[PROVIDED ENTRIES]

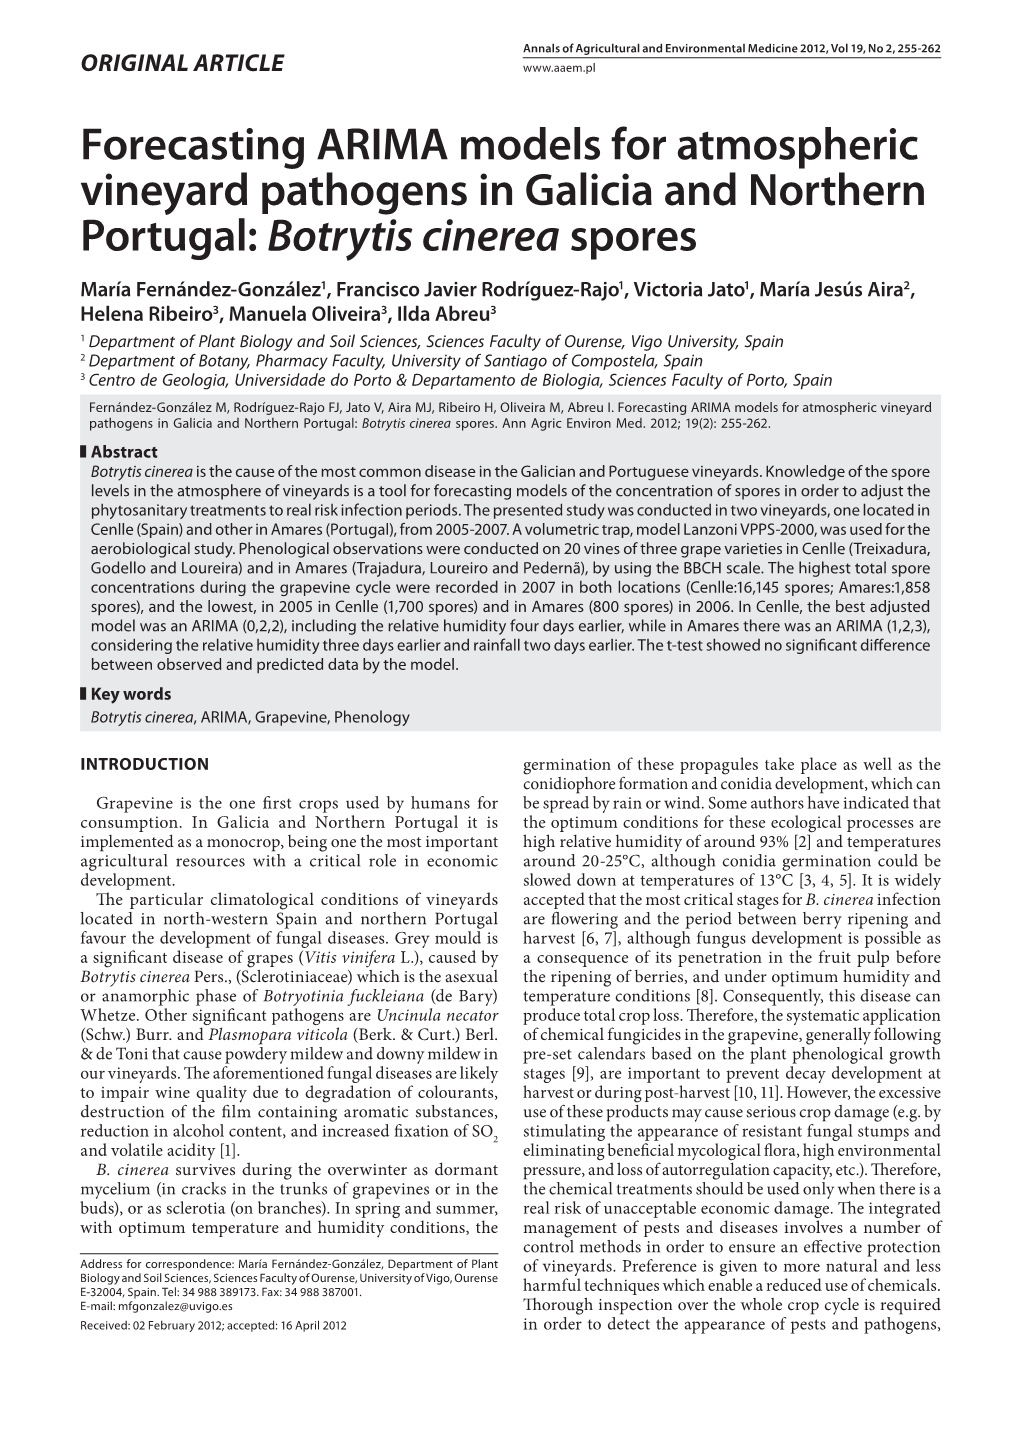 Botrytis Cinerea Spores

[/PROVIDED ENTRIES]
[PROVIDED ENTRIES]

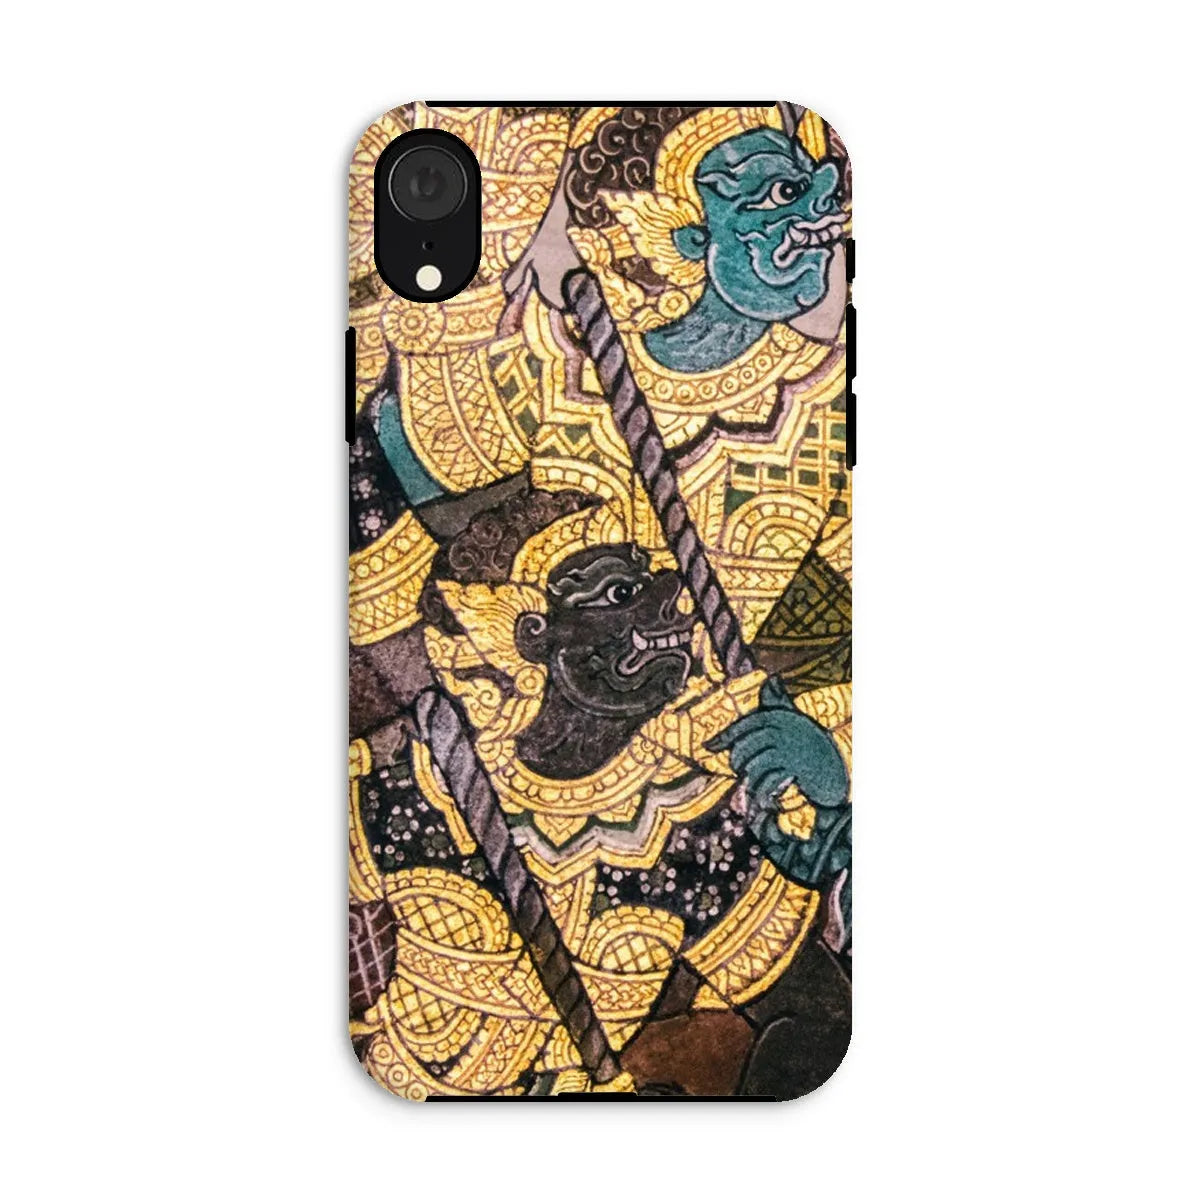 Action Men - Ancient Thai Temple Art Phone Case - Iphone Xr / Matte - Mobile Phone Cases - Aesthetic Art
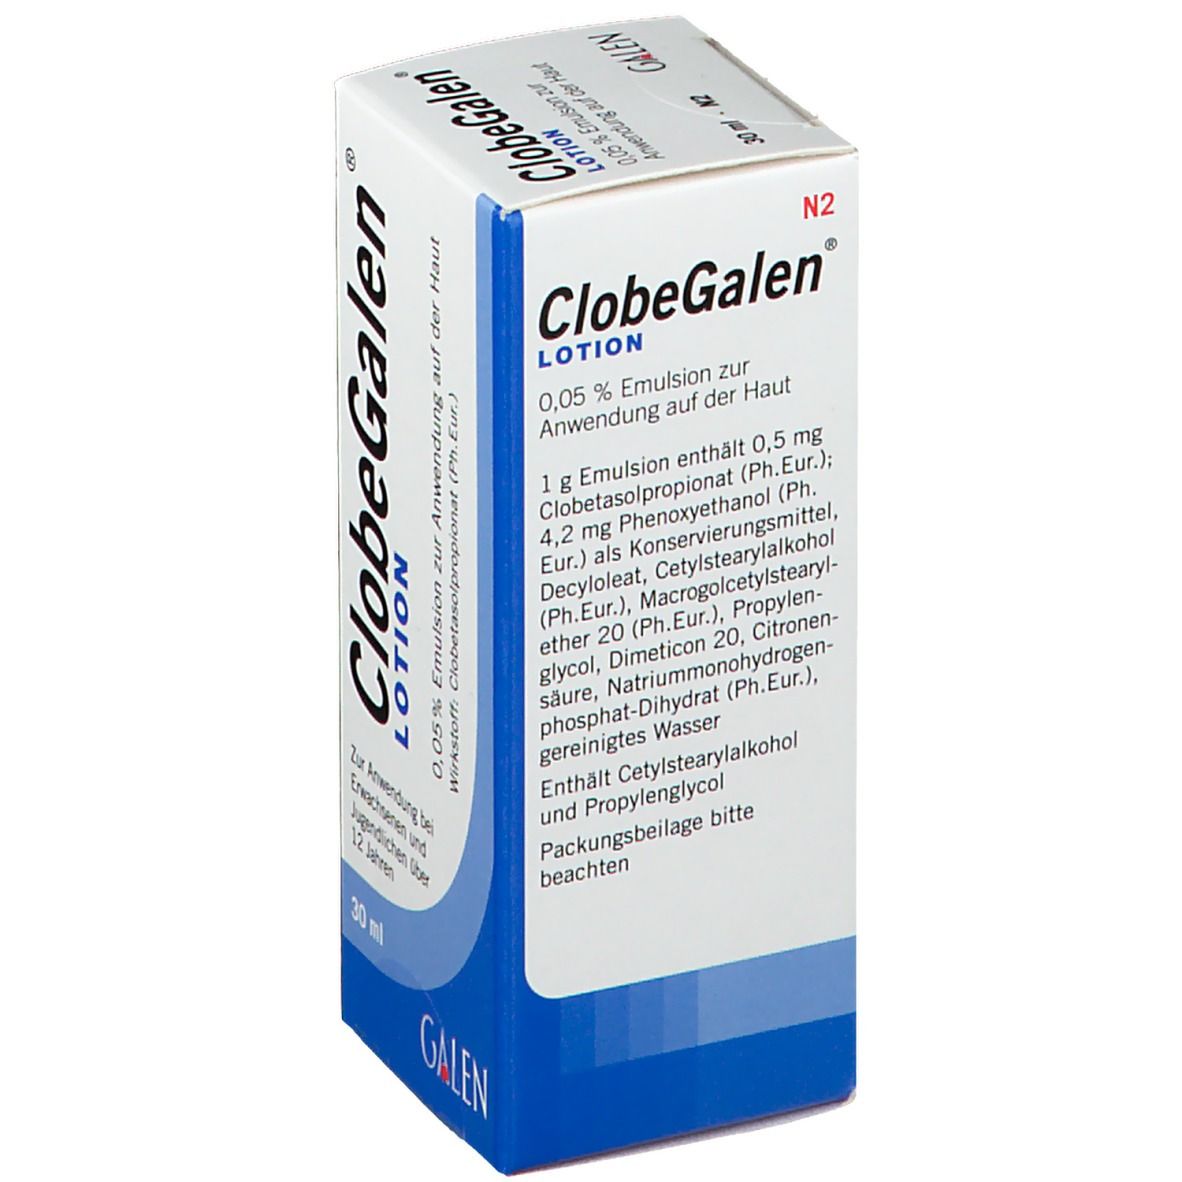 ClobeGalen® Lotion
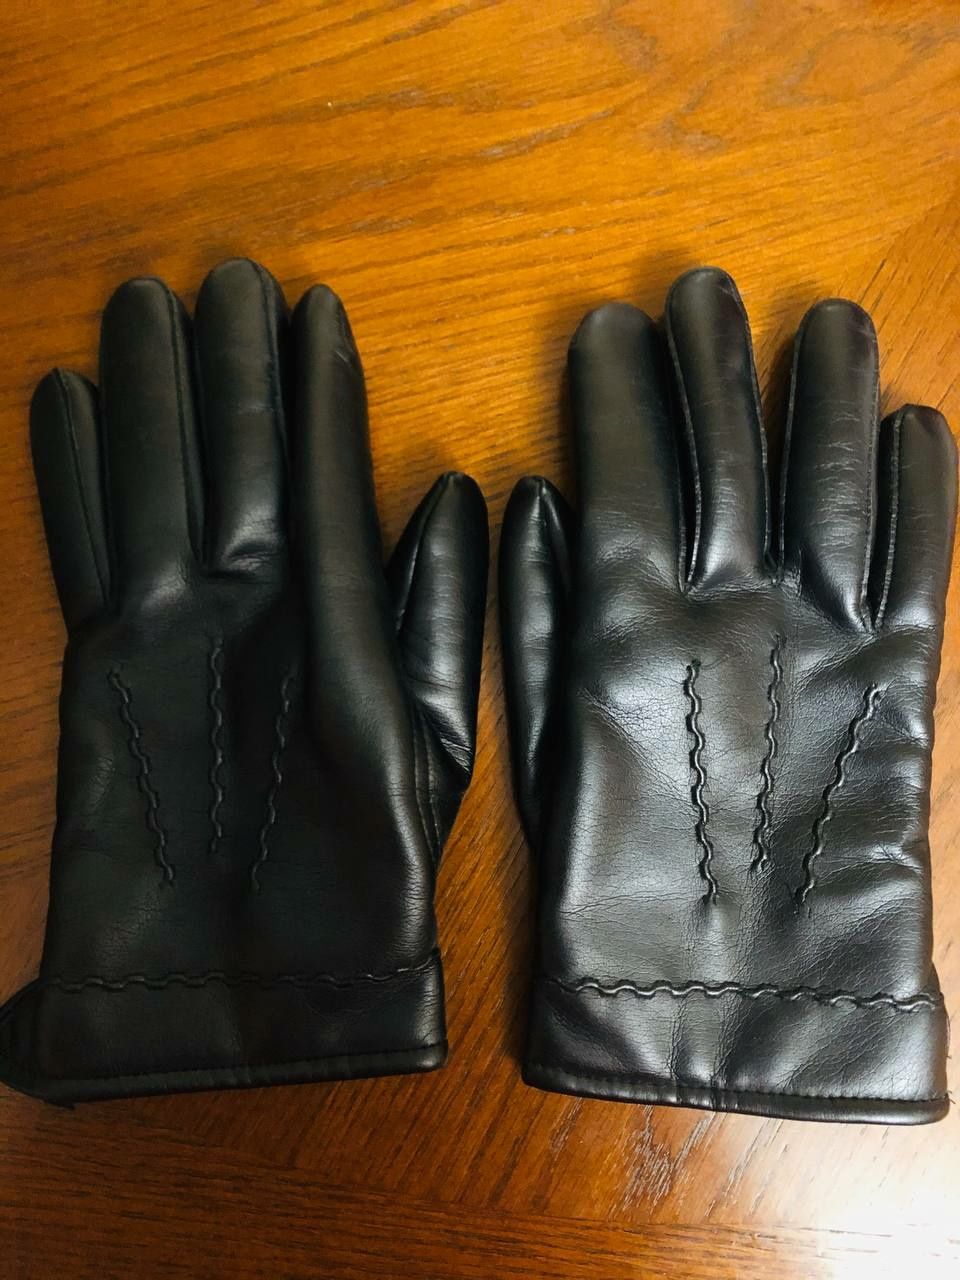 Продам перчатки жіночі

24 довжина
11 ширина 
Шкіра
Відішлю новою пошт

[/PROVIDED ENTRIES]

WHAT YOU NEED TO DO:
In the listing above, find the line containing "Продам перчатки жіночі" and the line containing "Відішлю новою пошт", then print exactly those two lines and every line between them, minus the pictures.

RESPONSE TO THE EXERCISE:
 Продам перчатки жіночі

24 довжина
11 ширина 
Шкіра
Відішлю новою пошт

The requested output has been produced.